Doctors who use this web interface^40–44 can easily diagnose and predict heart disease in patients and receive useful feedback and information. The web interface displays the optimal number of features, accuracy, and which features are best, enabling doctors to better understand how the model operates and make better diagnoses and predictions. ³³ In addition, the web interface also provides other useful features, such as editing and saving prediction results.

Conclusions and future work

This study uses machine learning techniques to analyze ultrasound datasets as a key approach. Notably, this dataset is the largest cardiac data repository in Asia, specifically tailored for individuals of Asian descent, particularly the Taiwanese population. An effective selection strategy was developed by intentionally incorporating these demographic characteristics into the ultrasound data collection. This strategy has the potential to guide individuals in other countries to identify key determinants when processing similar disease data in the coming years. As such, this study represents an important milestone in the advancement of medical interventions for heart disease.

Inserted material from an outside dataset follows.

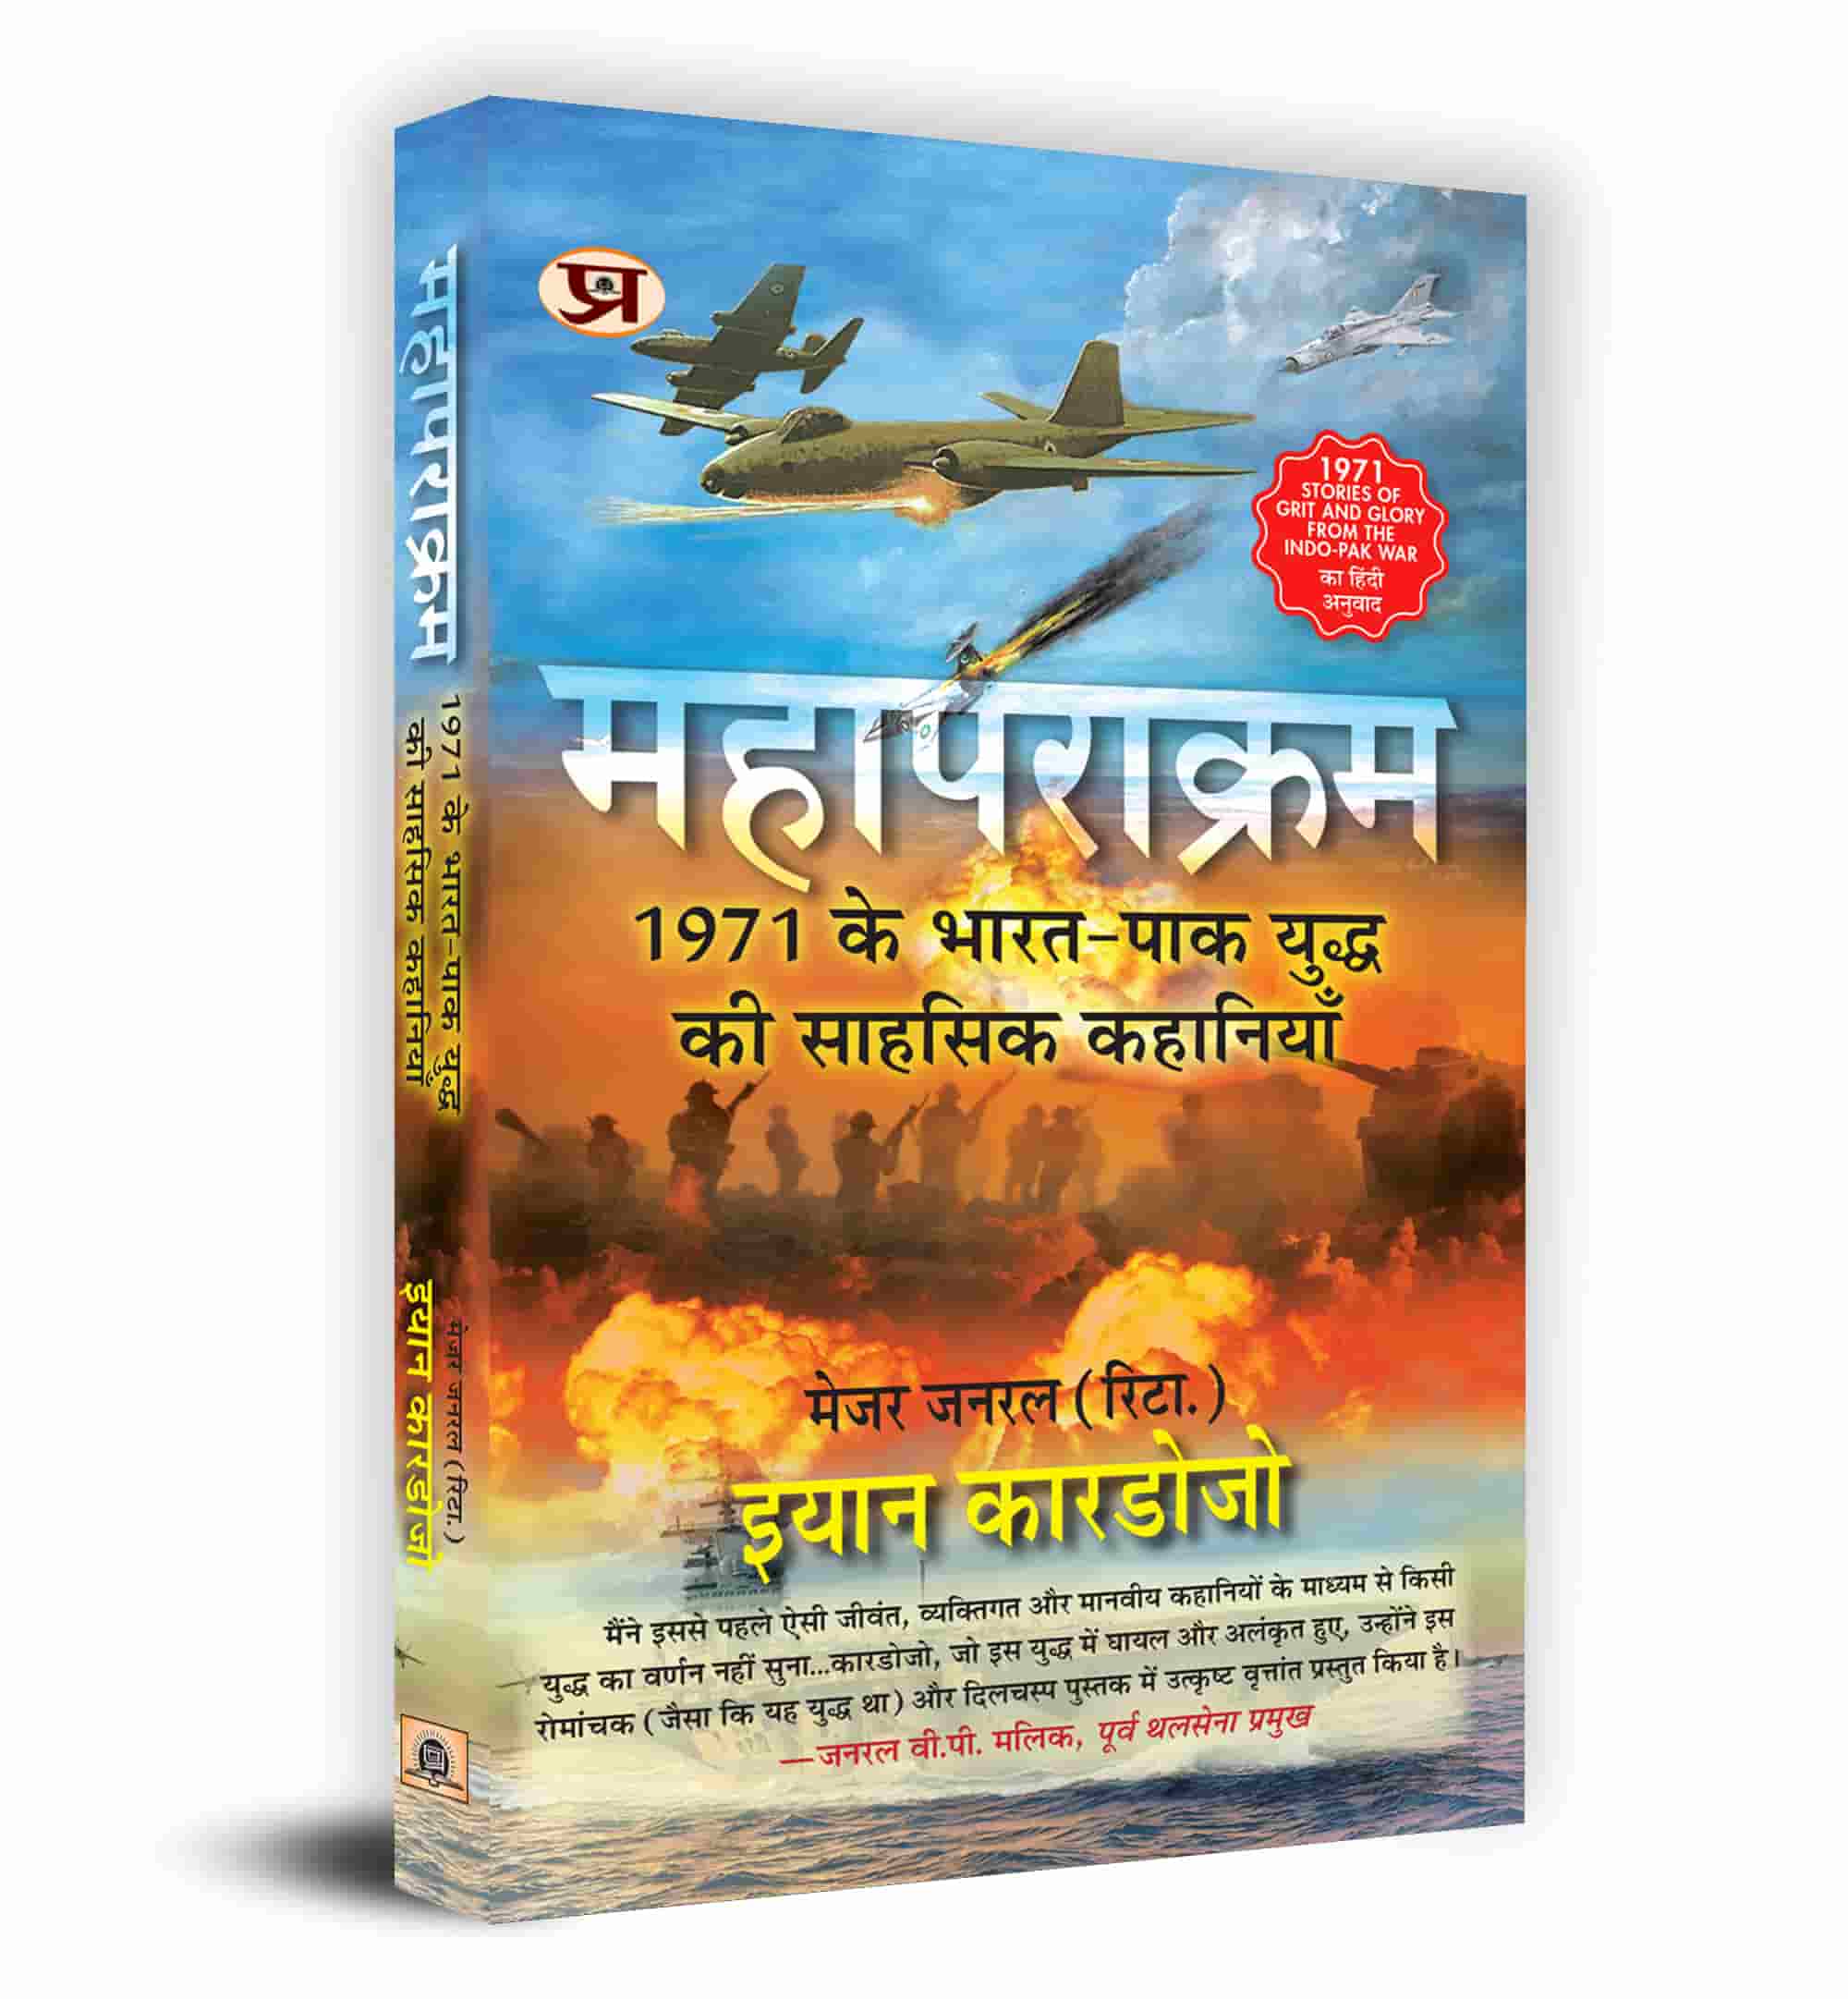 Mahaparakram (Hindi Translation Of 1971—Stories Of Grit And Glory): महापराक्रम (1971 के भारत-पाक युद्ध की साहसिक कहानियाँ) Book

In the next stage of our research, we will use eigenvalues and corresponding labeled symptoms to make predictions, so we will try different types of deep learning models for disease research, because if only the original medical image is labeled, the amount of information is insufficient, and it is not very helpful for classification or prediction results. If we integrate the selected key features and labeled information and then use the deep learning model to train or adjust parameters (e.g., ventricular insufficiency, result in abnormal heart sound), it will effectively improve the classification results or the accuracy of prediction, which will be a great breakthrough in the diagnosis and interpretation of doctors.